Assigned task:
The range to reproduce runs from the line containing "Measures: 31.5 wide" through the last line of the listing below; give exactly those lines and no others.
BEGIN Collected material
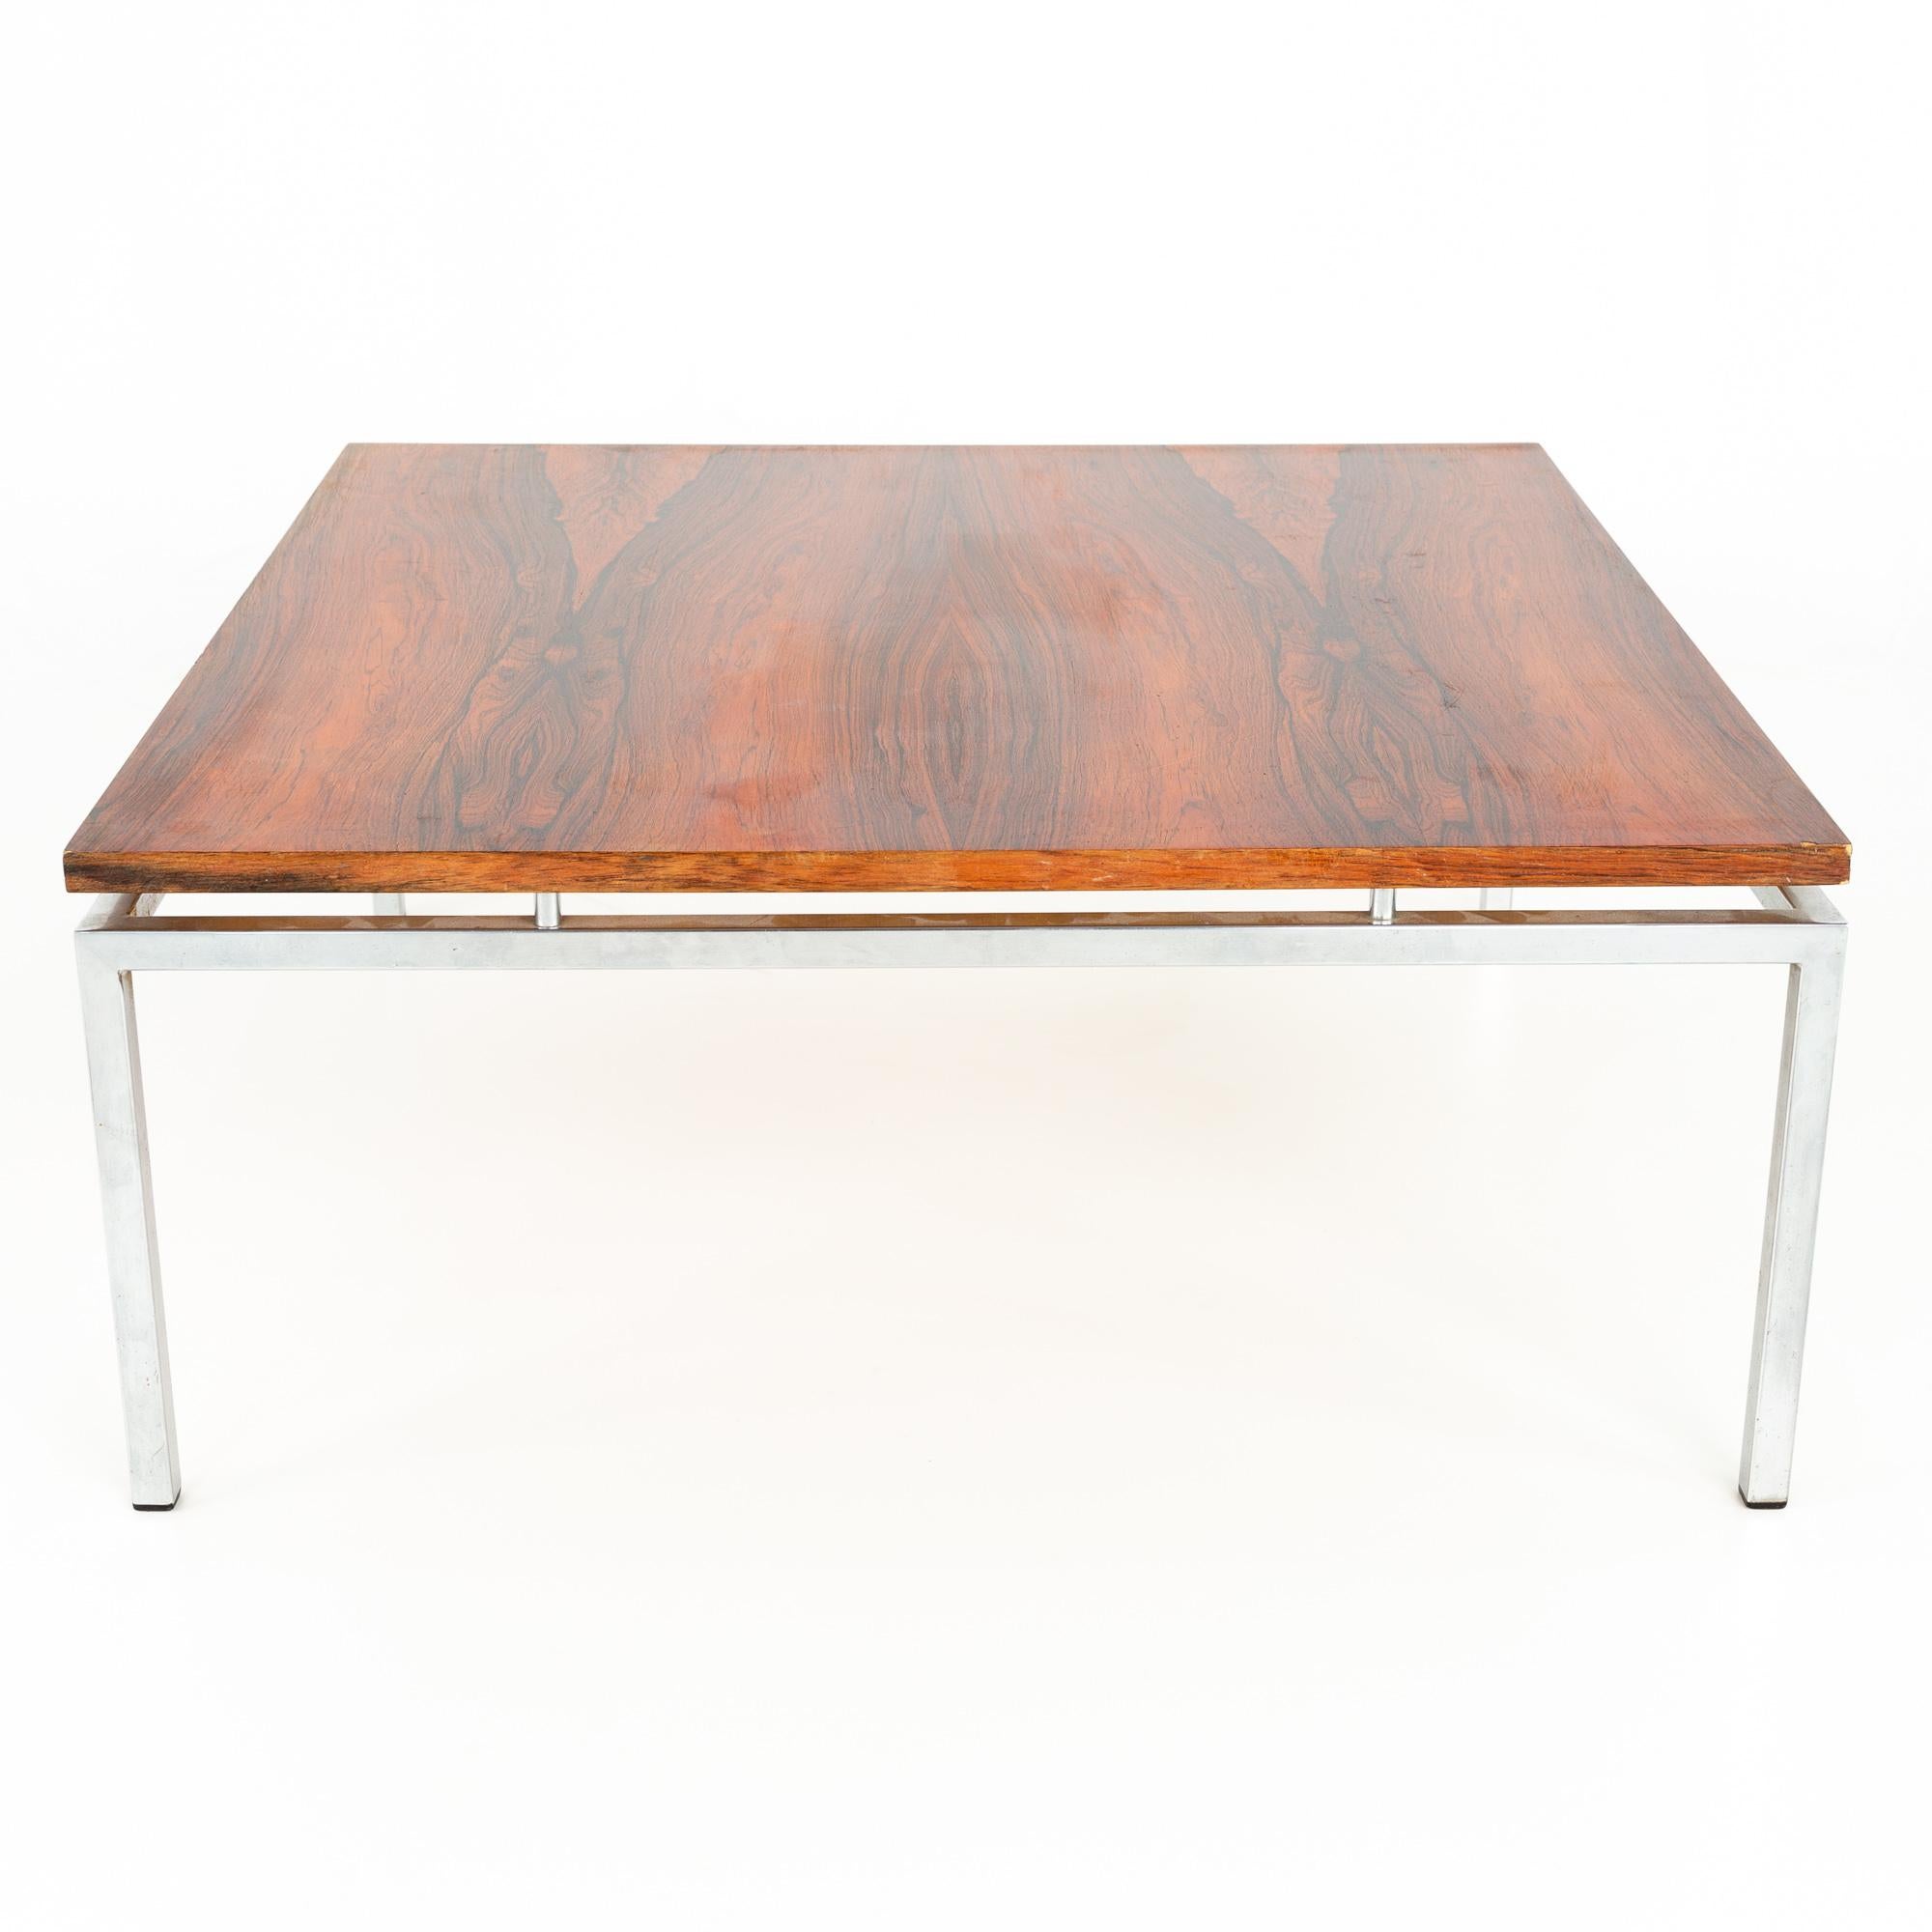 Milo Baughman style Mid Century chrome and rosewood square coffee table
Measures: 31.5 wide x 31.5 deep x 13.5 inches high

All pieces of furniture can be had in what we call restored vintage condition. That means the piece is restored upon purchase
END Collected material
Answer below:
Measures: 31.5 wide x 31.5 deep x 13.5 inches high

All pieces of furniture can be had in what we call restored vintage condition. That means the piece is restored upon purchase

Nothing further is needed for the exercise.